======== MATERIAL TO PROCESS ========
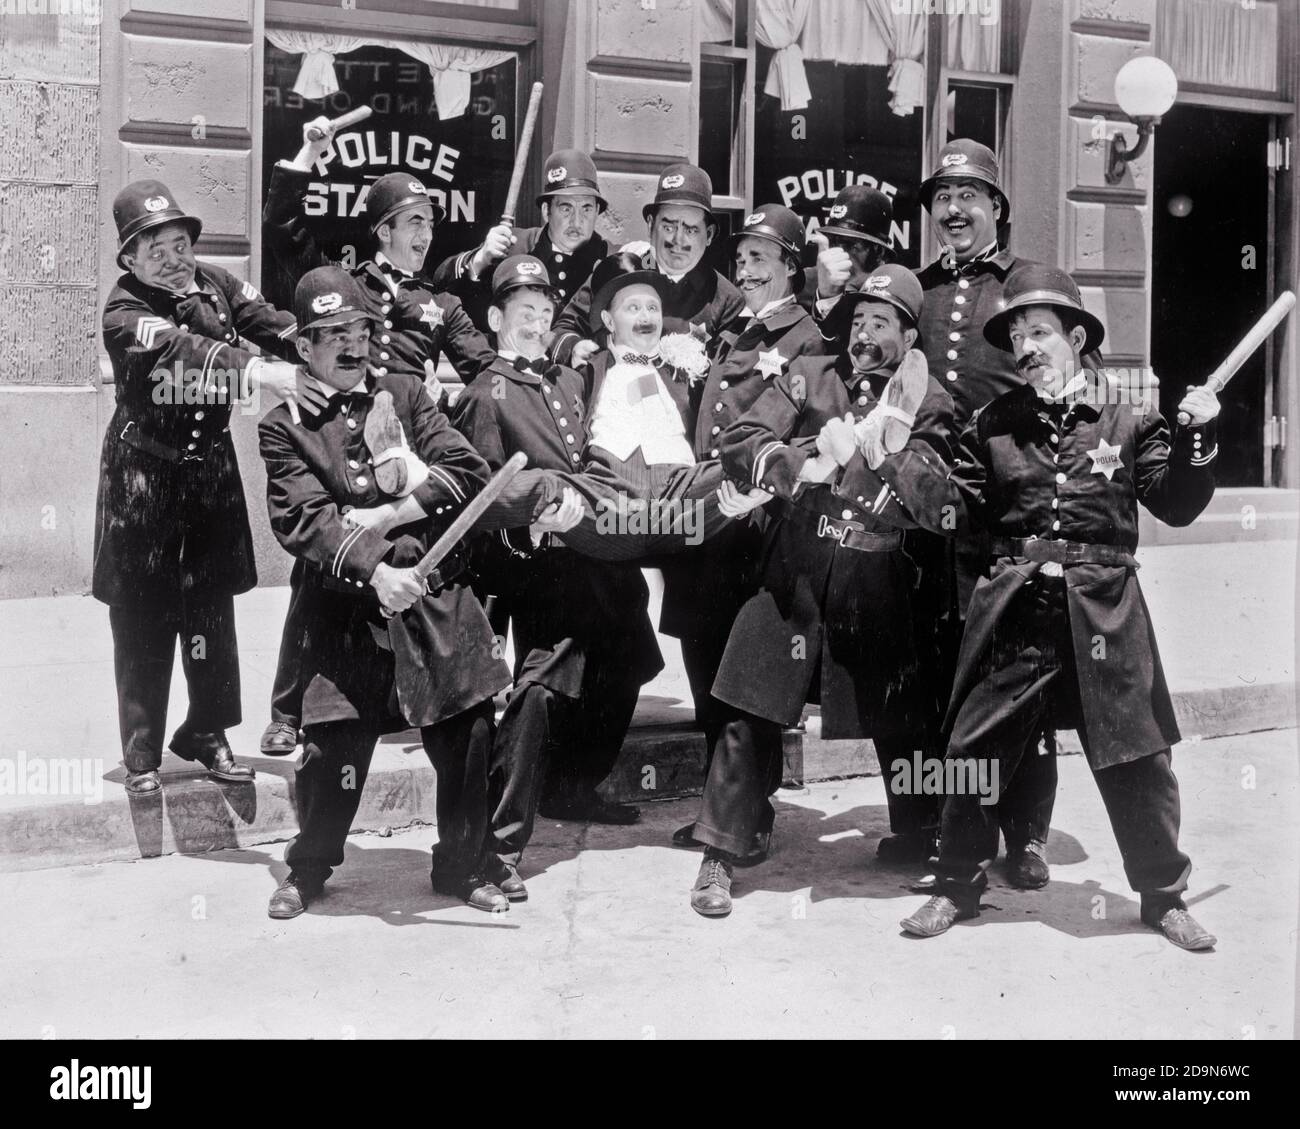 1910s 1912-1917 KEYSTONE COPS AND BEN TURPIN MACK SENNETT HOLLYWOOD SLAPSTICK COMEDY SILENT MOVIE STILL  - h9864 NAW001 HARS PROTECT SKILLS PERFORMER AND CAREERS EXCITEMENT COMICAL ENTERTAINER KEYSTONE OCCUPATIONS UNIFORMS BEN ACTORS COMEDY SILENT MOVIE SLAPSTICK MOTION PICTURE OFFICERS POLICEMEN PUBLICITY STILL COPS ENTERTAINERS FICTIONAL INCOMPETENT MACK MOVIE STILL PERFORMERS SILENT FILM BADGE BADGES BEN TURPIN BLACK AND WHITE CAUCASIAN ETHNICITY MACK SENNETT OLD FASHIONED Stock Photo
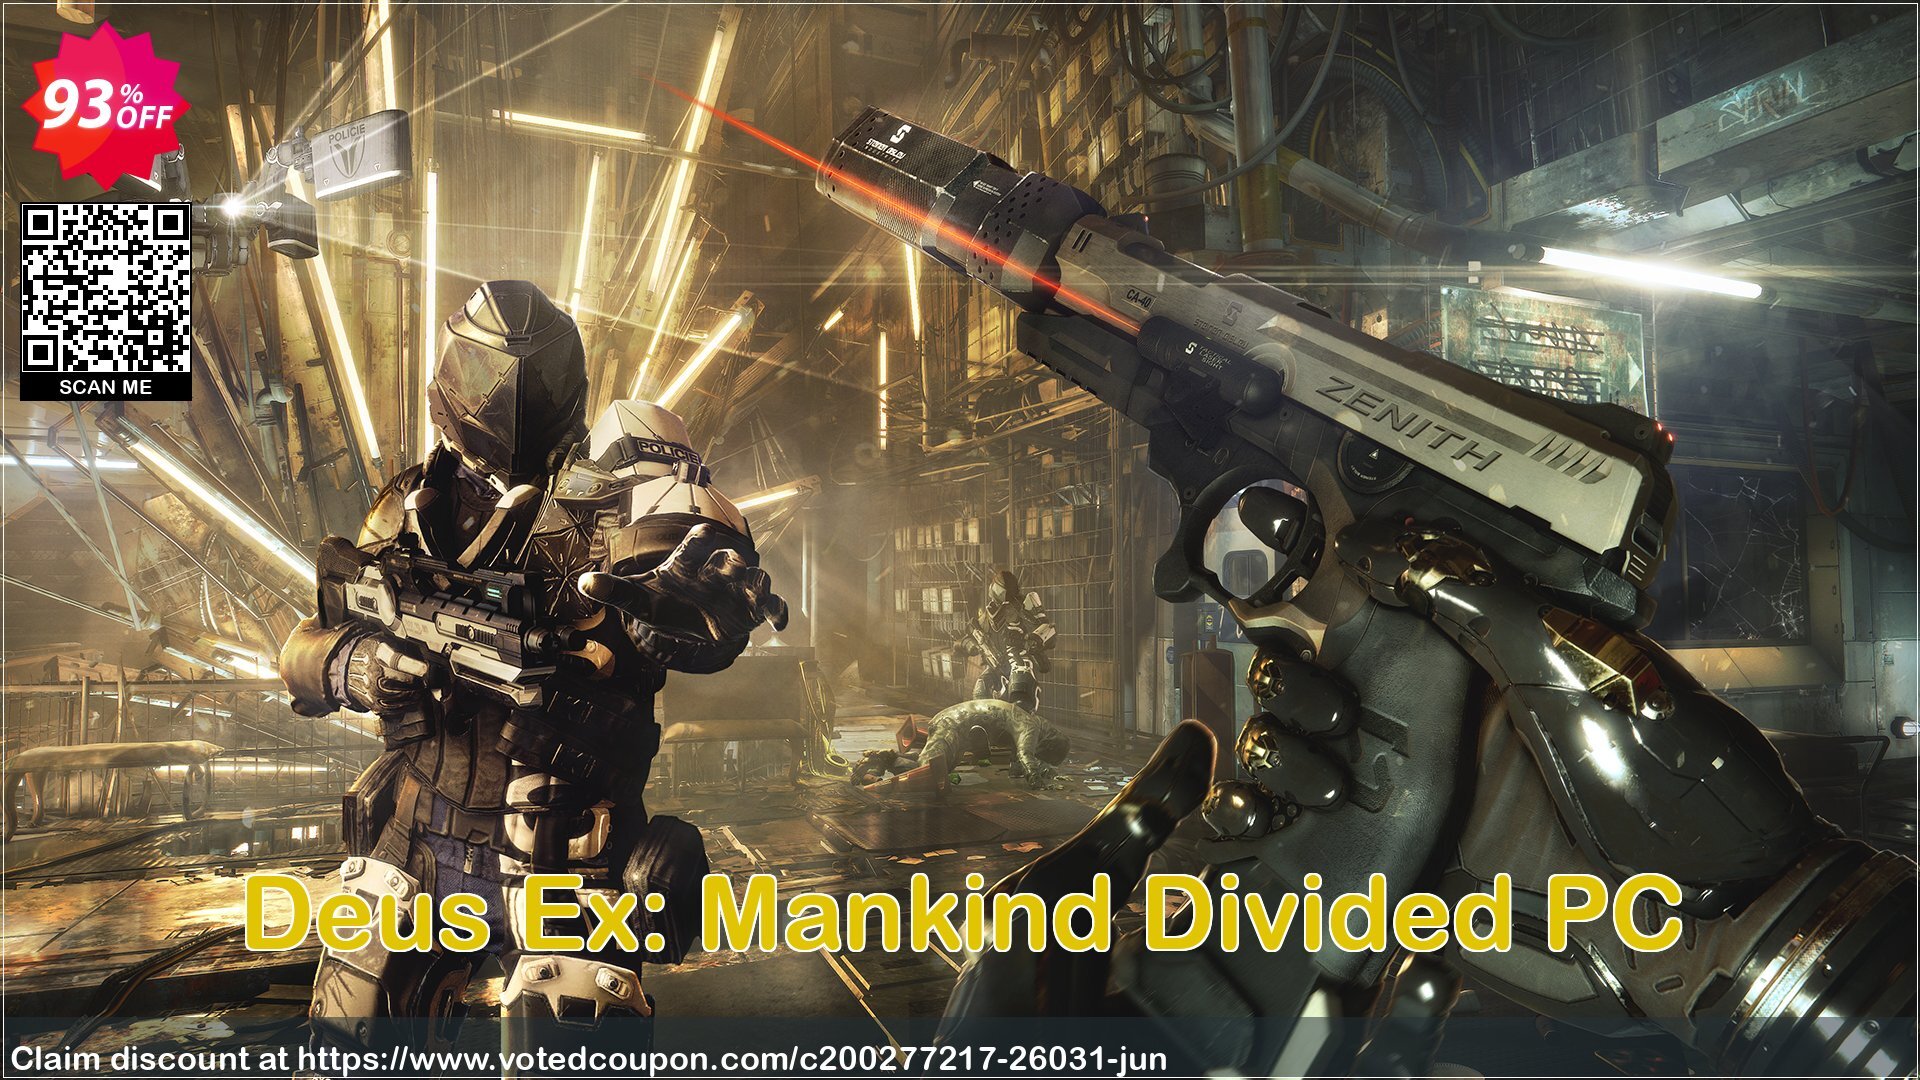 Deus Ex: Mankind Divided PC Coupon Code May 2024, 93% OFF - VotedCoupon
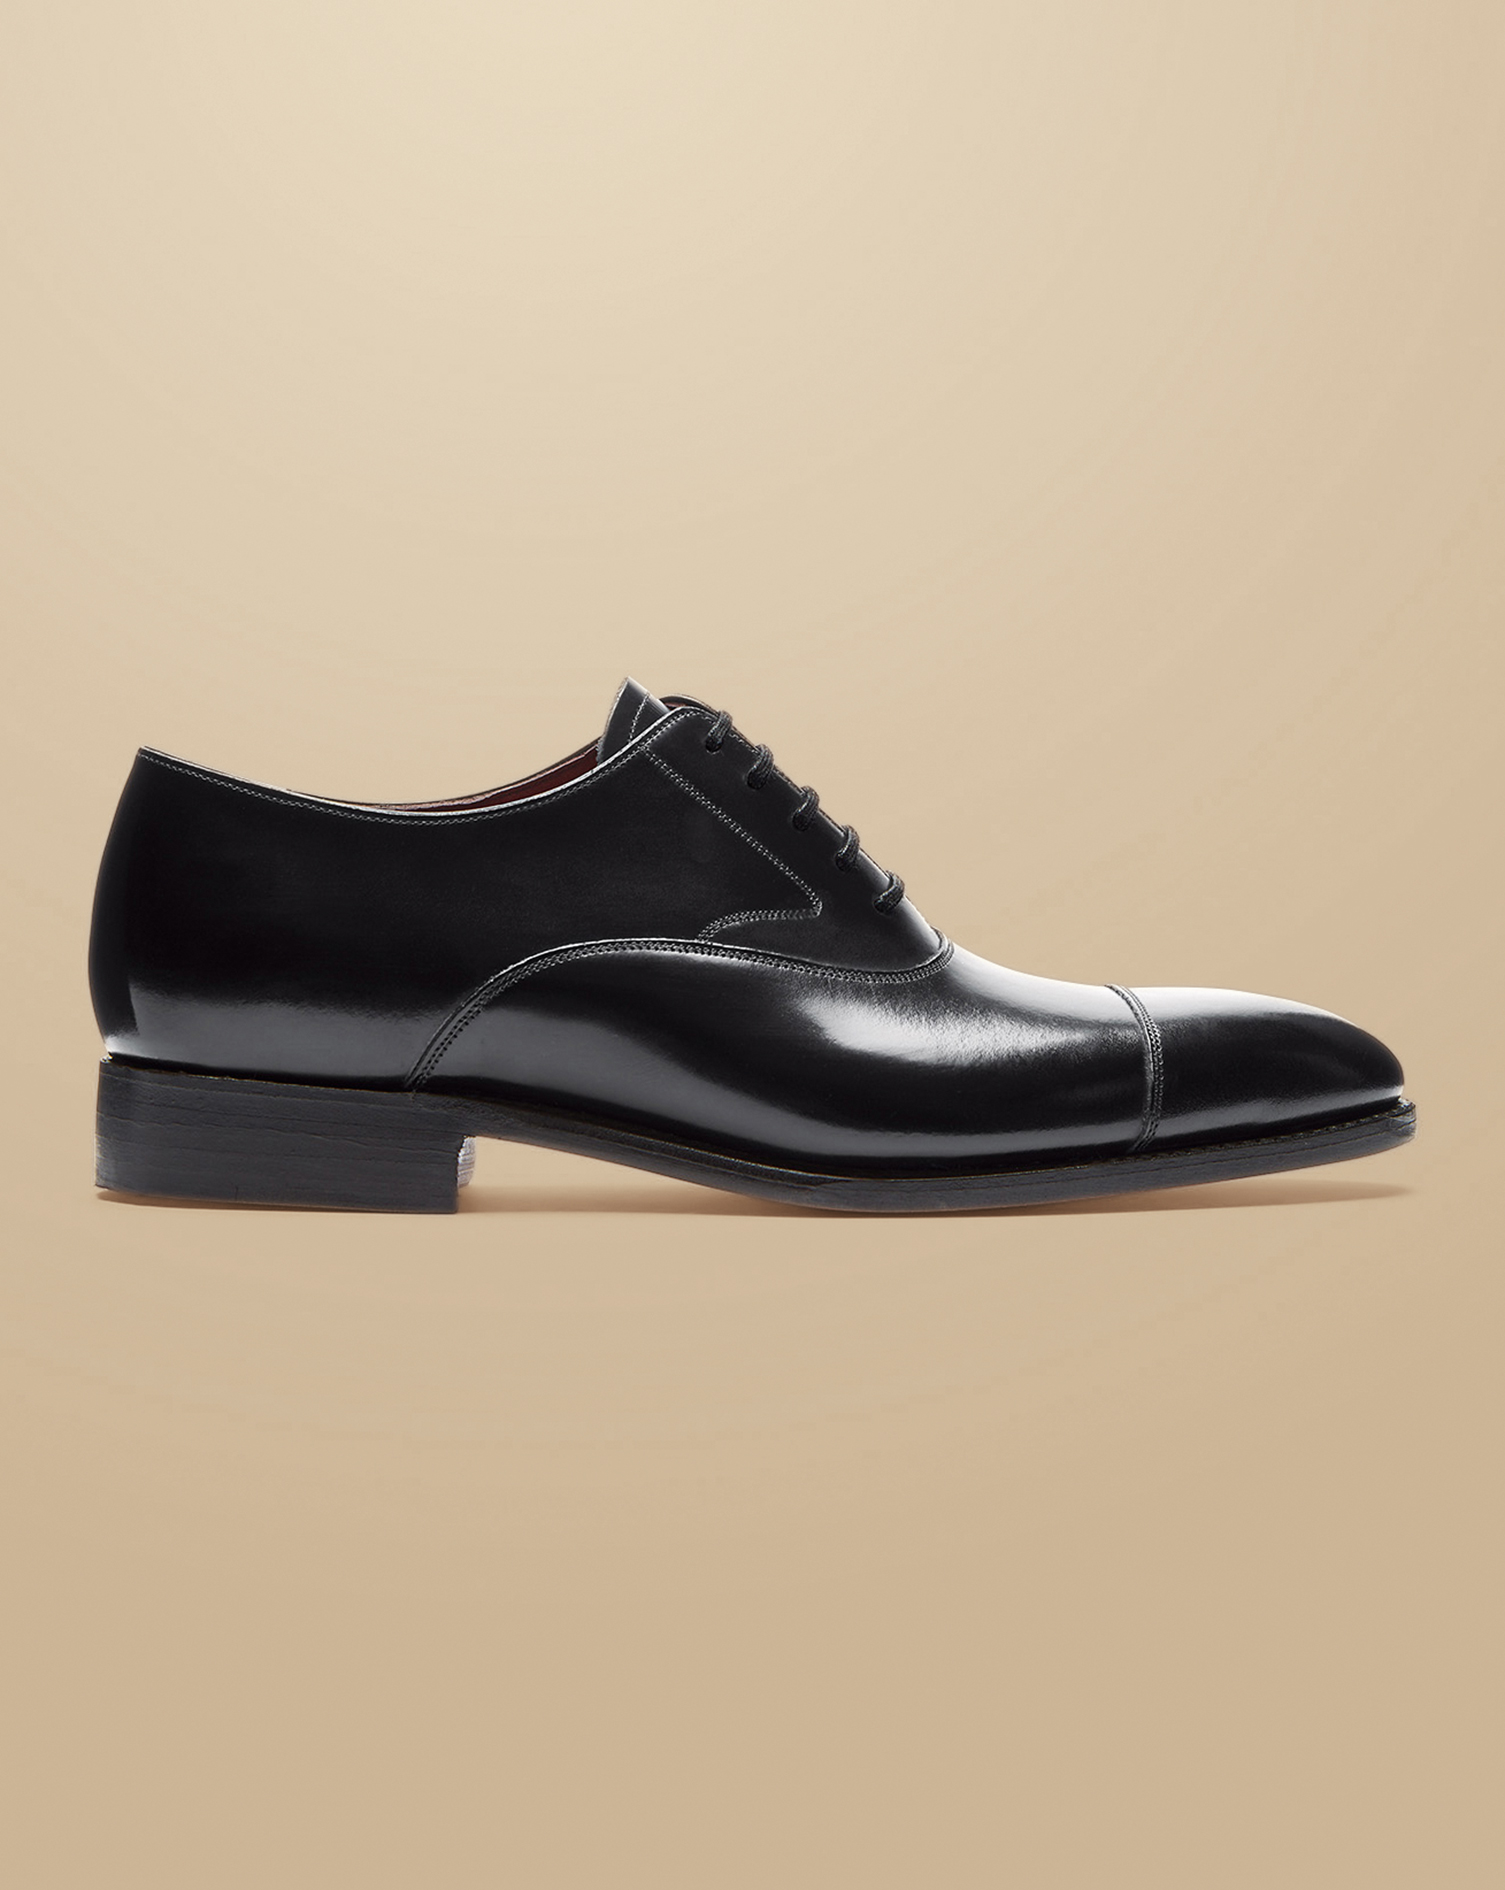 Men's Charles Tyrwhitt Made In England High-Shine Oxford Shoes - Black Size 9.5 Leather
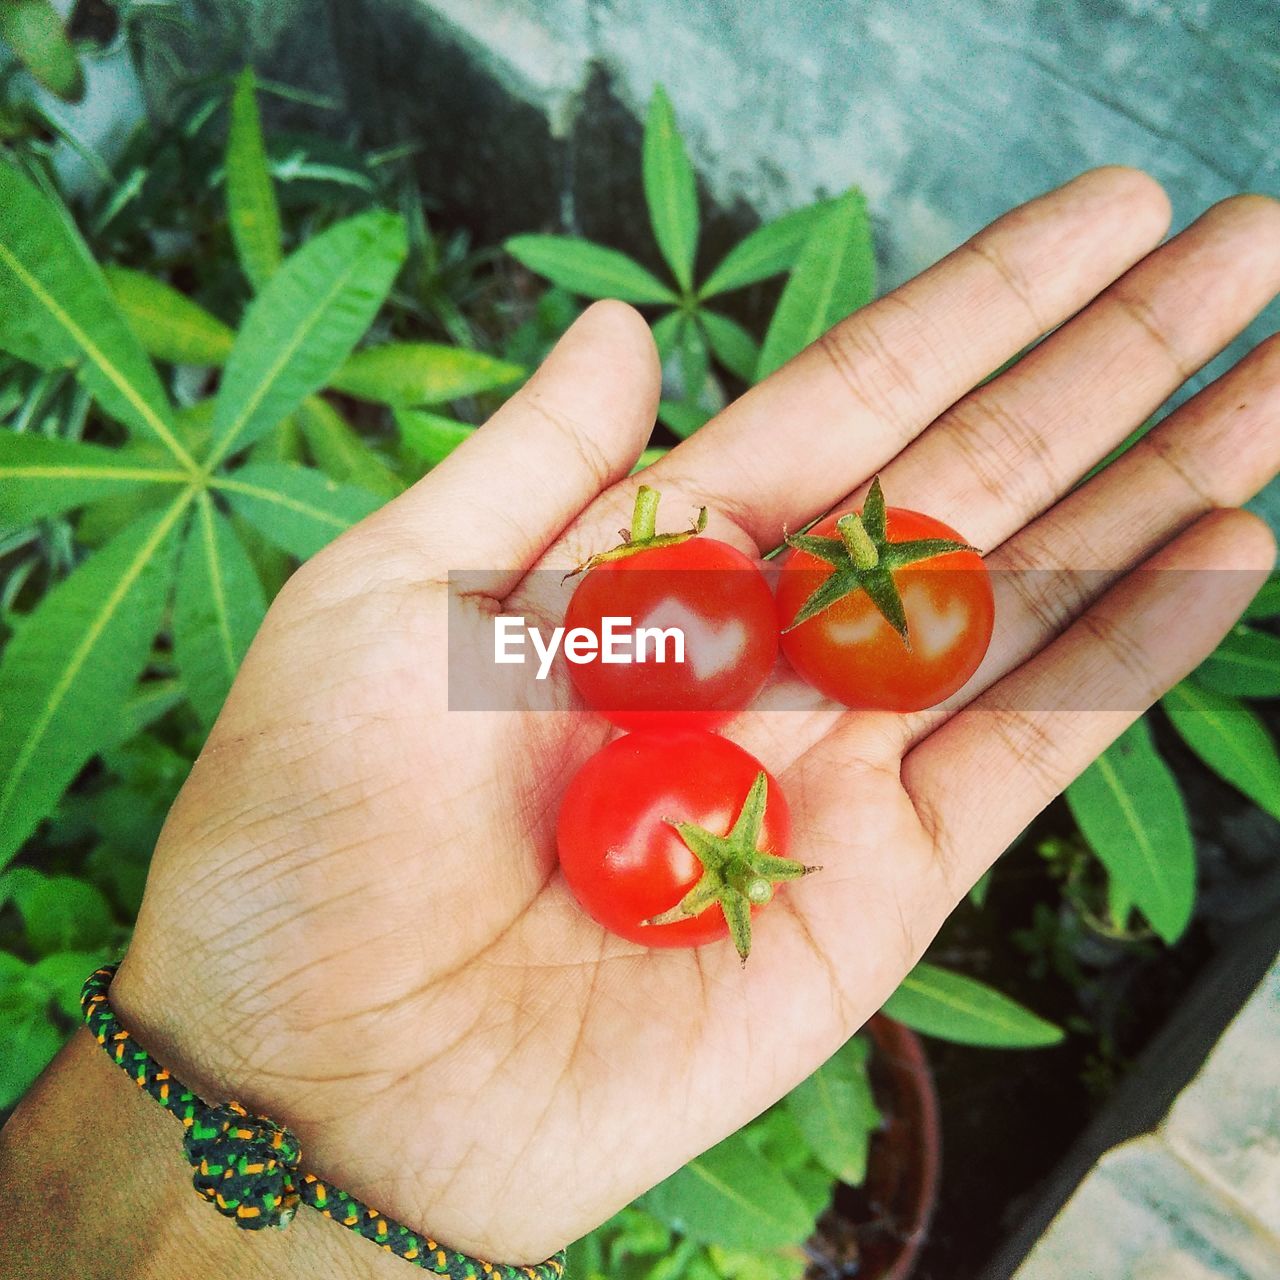 Cropped image of hand holding cherry tomatoes
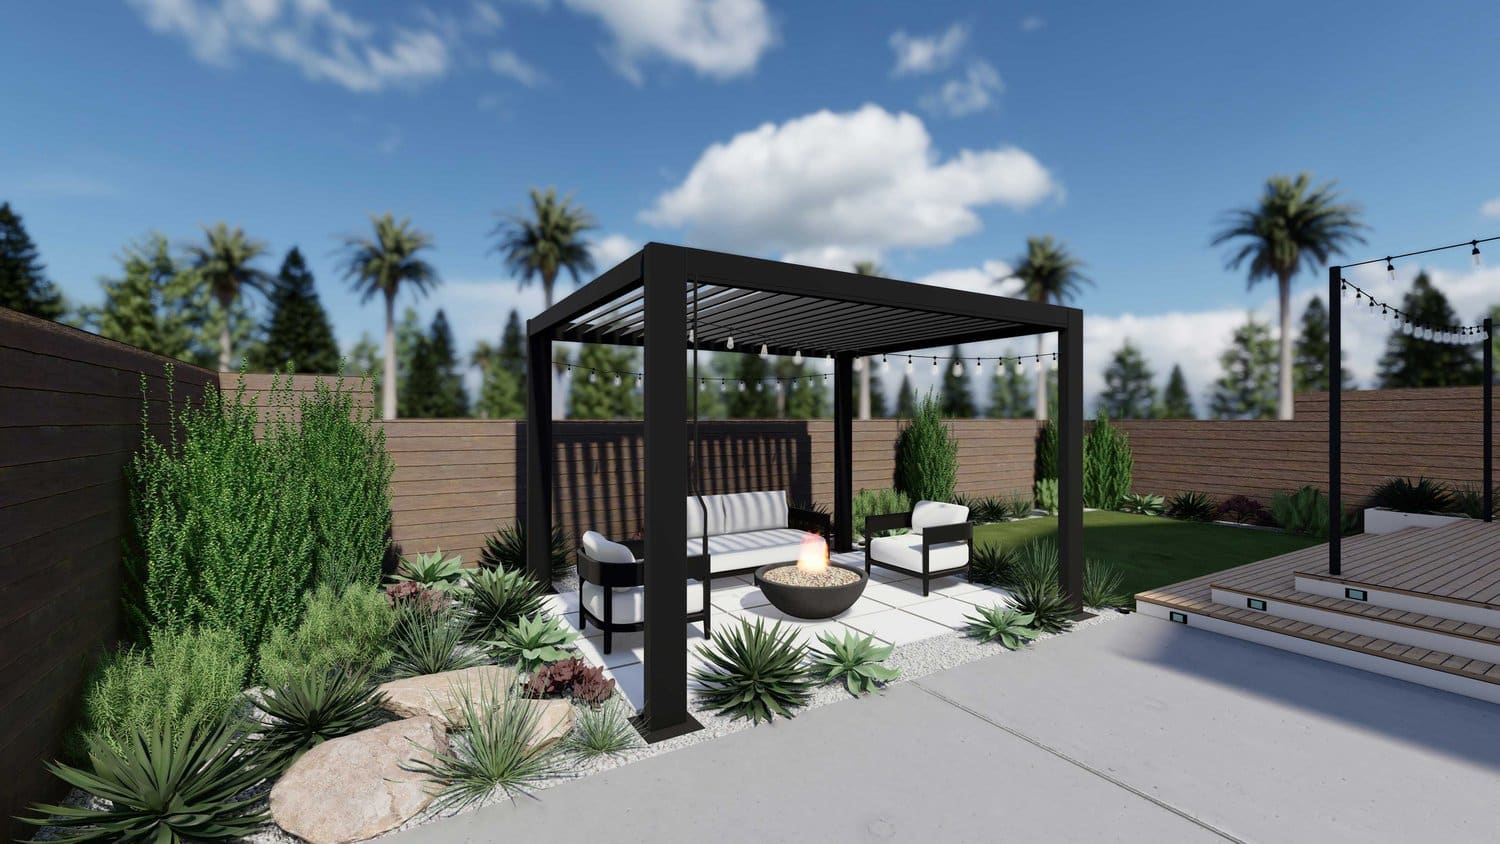 Los Angeles paver patio with pergola over fire pit seating area, drought tolerant plants, grass, gravel and deck
========
DIRECTIONS FOR THIS TASK: Would you please print the entries once more, word for word, minus the pictures?

EXPECTED ANSWER:
 1910s 1912-1917 KEYSTONE COPS AND BEN TURPIN MACK SENNETT HOLLYWOOD SLAPSTICK COMEDY SILENT MOVIE STILL  - h9864 NAW001 HARS PROTECT SKILLS PERFORMER AND CAREERS EXCITEMENT COMICAL ENTERTAINER KEYSTONE OCCUPATIONS UNIFORMS BEN ACTORS COMEDY SILENT MOVIE SLAPSTICK MOTION PICTURE OFFICERS POLICEMEN PUBLICITY STILL COPS ENTERTAINERS FICTIONAL INCOMPETENT MACK MOVIE STILL PERFORMERS SILENT FILM BADGE BADGES BEN TURPIN BLACK AND WHITE CAUCASIAN ETHNICITY MACK SENNETT OLD FASHIONED Stock Photo
 Deus Ex: Mankind Divided PC Coupon Code May 2024, 93% OFF - VotedCoupon
 Men's Charles Tyrwhitt Made In England High-Shine Oxford Shoes - Black Size 9.5 Leather
 Cropped image of hand holding cherry tomatoes
 Los Angeles paver patio with pergola over fire pit seating area, drought tolerant plants, grass, gravel and deck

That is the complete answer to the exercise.